Theo Knoll runs to explore and to think. Every morning, before most of his fellow travelers have stirred from bed and the heat of the Costa Rican day begins to build, Theo dons running shoes and sets out to explore his surroundings. He has seen things that no one else in the group has seen: A rickety wooden footbridge spanning a river. A herd of cows blocking the road, through which he wades carefully. The rising sun burning early morning mist from the treetops, while mountains on the horizon cast shadows that keep half the landscape in darkness. As he runs, lost in motion, he mulls his experiences here in Costa Rica, a country radically different from his native Idaho.
“It’s different than just sitting and thinking and reflecting because you’re also doing something at the same time,” Theo said. “To some extent, you can just get lost in what you’re doing, your movement.”
Theo, short for Theodore, is 17. He is one of a small group of high school students exploring Costa Rica this summer with The Experiment in International Living, a World Learning program that has introduced young people to foreign cultures since 1932. Over the course of four weeks, Theo and his companions live with host families, work on service projects, learn about sustainability, and sample the enormous diversity of this small, Central American country.
The trip is no luxury tour. The Experiment introduces travelers to everyday Costa Ricans (or “Ticos,” as they call themselves) and asks Experimenters to live as the locals do. Sometimes that means days without WiFi or hot showers, as well as closer proximity to nature—including Costa Rica’s rich assortment of wild animals—than many Americans are accustomed to.
Yet, none of this fazes Theo, who spends much of his time at home outdoors. A Boy Scout and an athlete, he skis in the winter and tubes down the Boise River in the summer. And of course, he runs long distances throughout the year. Part of the reason he chose Costa Rica was for the time he would spend outside, close to nature. Another factor was his desire to experience something wholly different from his home, yet still accessible enough to penetrate and learn from the culture. With four years of Spanish under his belt, Theo reasoned that he would be able to converse with Costa Ricans in their own language, which would be vital during the program’s two-week homestay with a Costa Rican family.
Theo’s intuition turned out to be right—his Spanish, though still far from perfect, helped him to bond with his host family. During the group’s two weeks in the small, southern Costa Rican community of La Palma, each traveler moved into a different family home, only reconvening to work on a service project and for group excursions.
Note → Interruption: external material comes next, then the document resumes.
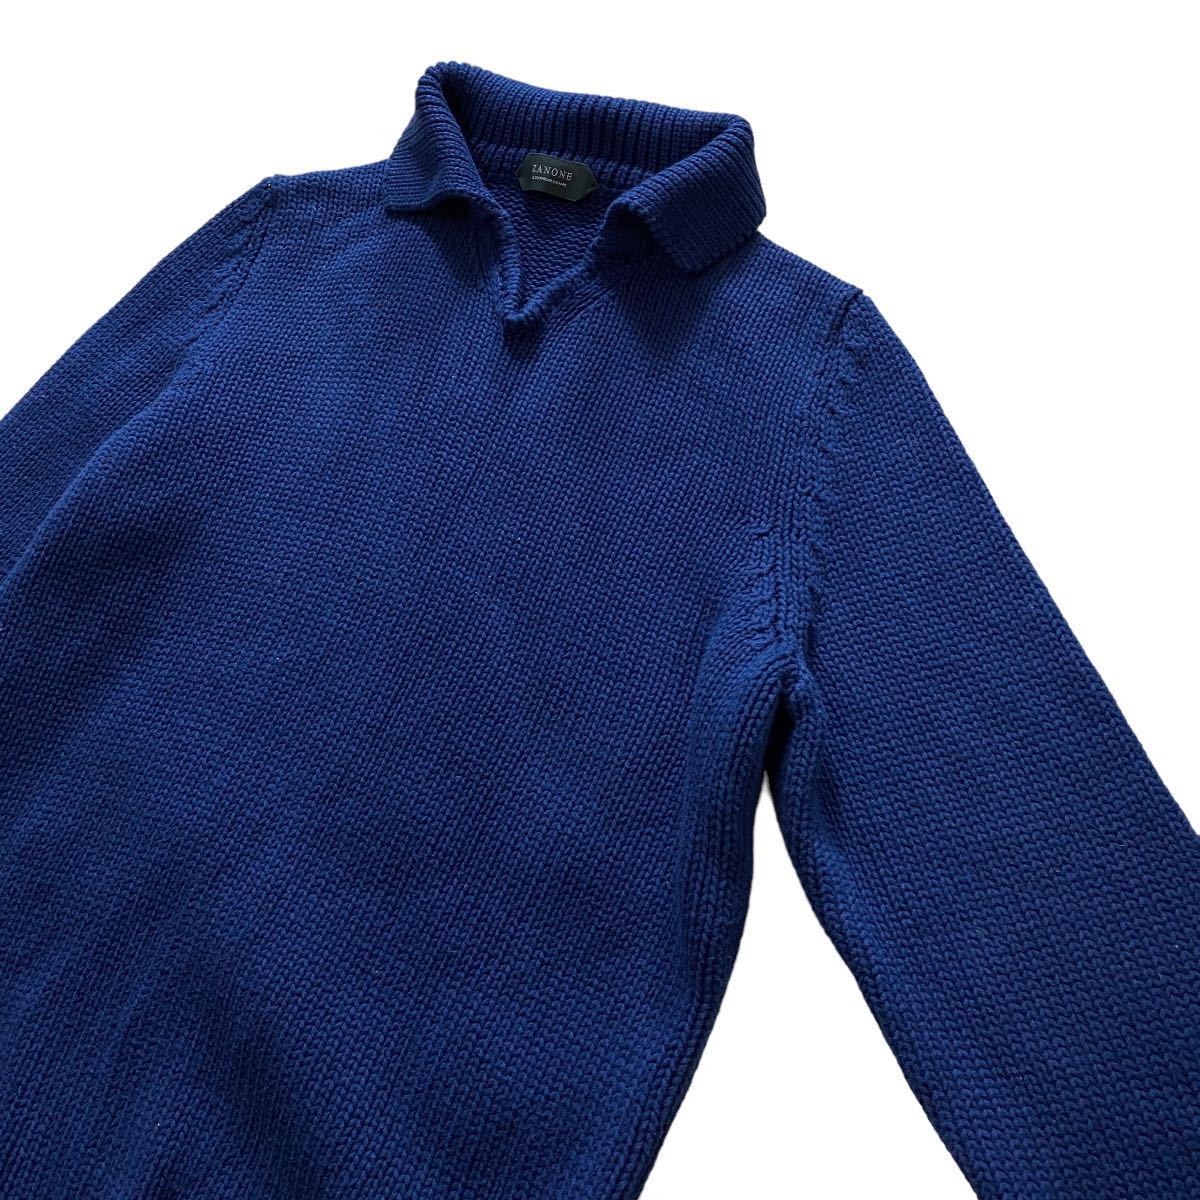  прекрасный товар ZANONE The no-ne Skipper цвет средний мера вязаный свитер мужской 46 S~M

For many, the homestay was their first time in a foreign country without the constant support of other Americans, and Theo rose to the challenge.
Theo dubbed his first few days with the family the era of “no entiendos”—”I don’t understand.” But soon he was chatting with his homestay mom, finding that he could understand her Spanish even when he lacked a ready reply. He went fishing with his 15-year-old homestay brother, one of four siblings, and they laughed together about their terrible catch. The family’s oldest daughter, a 20-year-old enrolled in a local college, spoke enough English to smooth over the occasional communication hiccup.
Going on The Experiment has become something of a tradition within Theo’s family. His aunt traveled to India with The Experiment during the 1980s and returned having made friendships with her fellow travelers that endure to this day. Some three decades later, she is still in touch with her Indian host family. Next, Theo’s cousin traveled to Argentina. Then his sister went to Brazil.
When it was his turn, Theo turned his eyes toward a program that would satisfy his interest in sustainability and biodiversity. The group’s time at the El Campanario biological research station, deep in the Costa Rican rainforest, brought home how wasteful US habits can be. El Campanario recycles much of its water, which made Theo reconsider the long showers he takes at home. The station’s efforts to reduce its trash output prompted him to think about how Americans forget their waste as soon as they pitch it away, rarely considering that “away” is a real place. He noticed that his homestay family unplugged lights and fans whenever they left the house to save the small amounts of electricity that appliances use, even turned off.
“That made me more conscious about the trash I produce and the fact that it does in fact go somewhere,” Theo said. “It’s not some magical process.”
Theo’s time in Costa Rica has led him to think more expansively about what kind of life he wants for himself—to realize that, throughout the world, there are so many more options than the traditional US model of high school to college, college to job, and job to family.
“Traveling does increase your perspectives, and it also makes you notice things that before you didn’t see,” Theo said.
“You see life here, and you start to think that it’s not all just one, self-prescribed route. It can be anything you want. I think that’s important to reflect on, and I think The Experiment does a good job because it gets us when we can still make a change.”